All of the country's six gas distribution companies -- Titas, Bakhrabad, Jalalabad, Pashchimanchal, Karnaphuli, and Sundarban -- are seeking a hike in gas prices at consumer level.
According to the revised proposals, Titas and Sundarban have demanded a 208 percent hike for the gas consumed by power plants, 211 percent for fertilizer companies, 96 percent for captive power, 132 percent for industries, 41 percent for commercial entities, and 50 percent for CNG-run vehicles.
They are seeking an 80 percent rise in monthly gas bill for both a single-burner and a double-burner cooking stove, from Tk 750 to Tk 1,350 and from Tk 800 to Tk 1,440 respectively.
They want a 102.85 percent increase in the weighted average price to Tk 14.91 from Tk 7.35 now.
The companies are largely seeking the hike because of the addition of 500 million cubic feet of gas every day through the import of liquefied natural gas (LNG) from August last.
Imported LNG is costing the country Tk 39.086 per cubic metre whereas it buys similar amount of gas at Tk 0.7097 from state-run Bangladesh Gas Fields, at Tk 3.0414 from Bangladesh Petroleum Exploration and Production Company Ltd, at Tk 0.2028 from Sylhet Gas Fields and at Tk 2.55 from international companies operating in Bangladesh, according to Petrobangla.
Mohammad Ali Khokon, president of the Bangladesh Textile Mills Association, criticised Titas Gas for emphasising on giving higher dividends to shareholders.
He said the gas supply started to worsen since 2000 and the situation has become even more delicate in the last five years.
He expressed opposition to the hike of distribution and transmission charges until the current situation improves.
Professor M Shamsul Alam, adviser of the Consumer Association of Bangladesh, called the hearing unlawful and said that these proposals can’t be entertained.
“We won’t accept any increase in gas prices.”
Zonayed Saki, chief coordinator of Gono Shanghati Andolon, said Bangladesh is moving towards expensive gas through LNG import like it did in case of electricity by embracing quick rental power plants.
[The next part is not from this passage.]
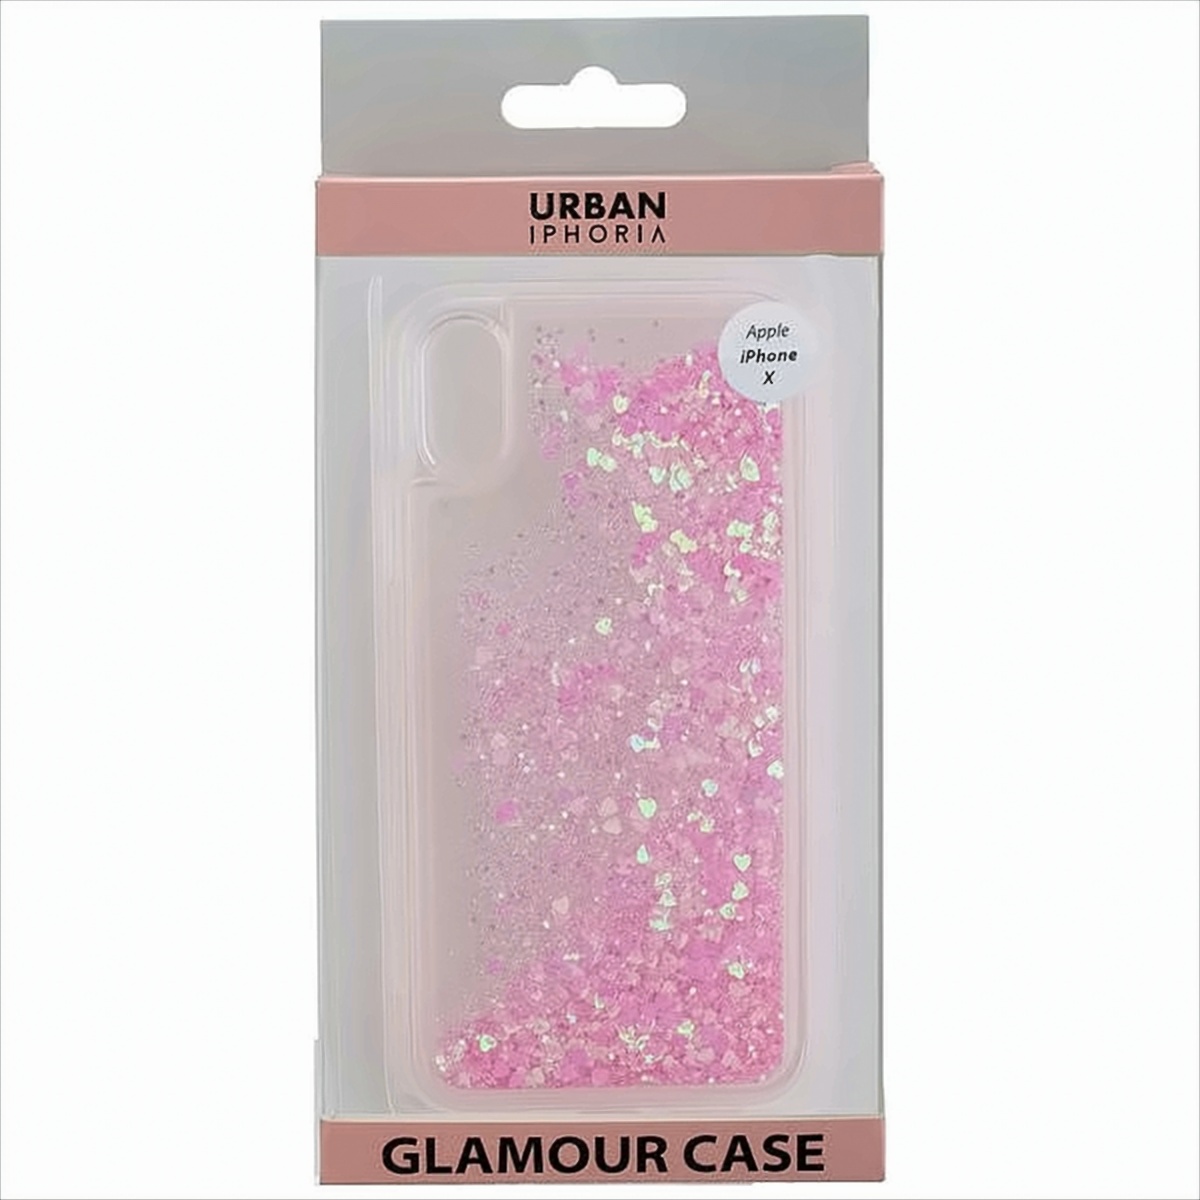 URBAN STYLE Back Cover GLAMOUR kompatibel zu Apple iPhone X - Pink von Peter Jäckel GmbH

Ruhin Hossain Prince, a leader of the Communist Party of Bangladesh, said households are paying more for the gas than they should have.
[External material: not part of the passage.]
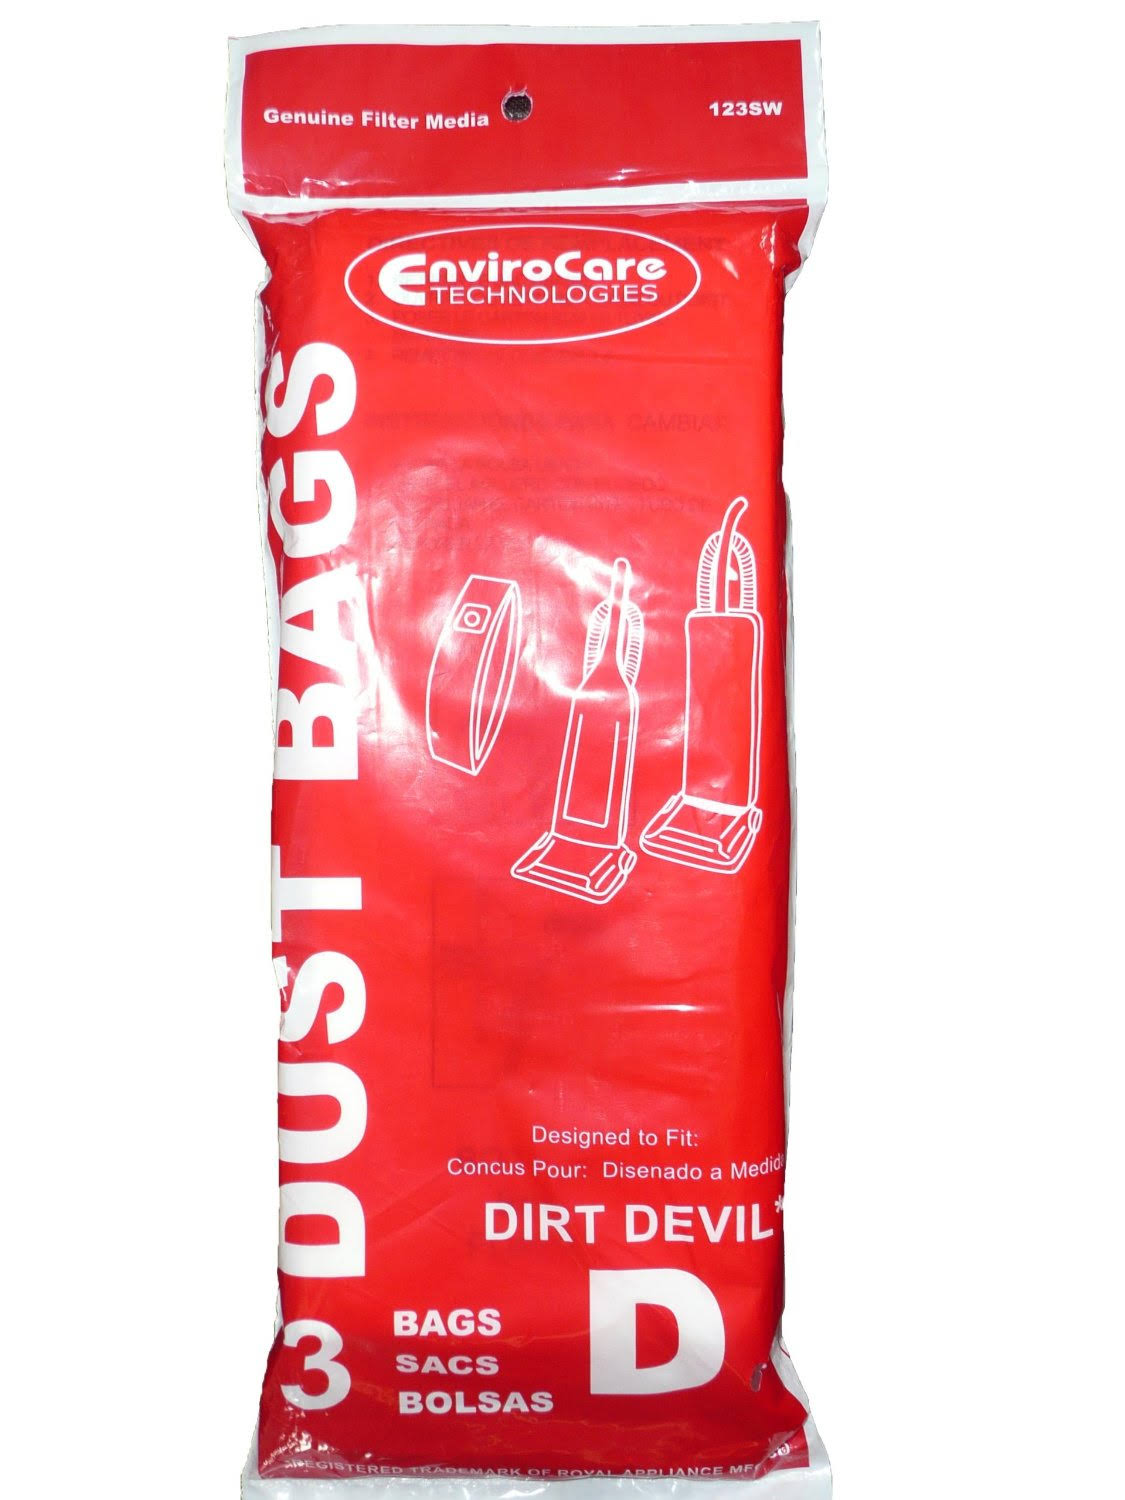 Dirt Devil Dust Bags - Type D, 3bags

He demanded the scrapping of the Speedy Supply of Power and Energy Act, under which power and energy related government contracts are given out.
Nurul Islam, a former professor of the Bangladesh University of Engineering and Technology, said there is no choice, but to increase gas prices. “But the more transparent the companies become the better.”
He said the country is making purchase following the Public Procurement Rules, but the same is not being followed when it comes to the energy sector that corrodes confidence.
BERC Chairman Monowar Islam, who moderated the hearing, said as factories are demanding quick installation of the electronic volume corrector metre, the energy ministry should revisit its stance on the issue.
BERC members Rahman Murshed, Mahmudul Huq Bhuiyan, Md Abdul Aziz Khan and Md Mizanur Rahman were also present during the hearing.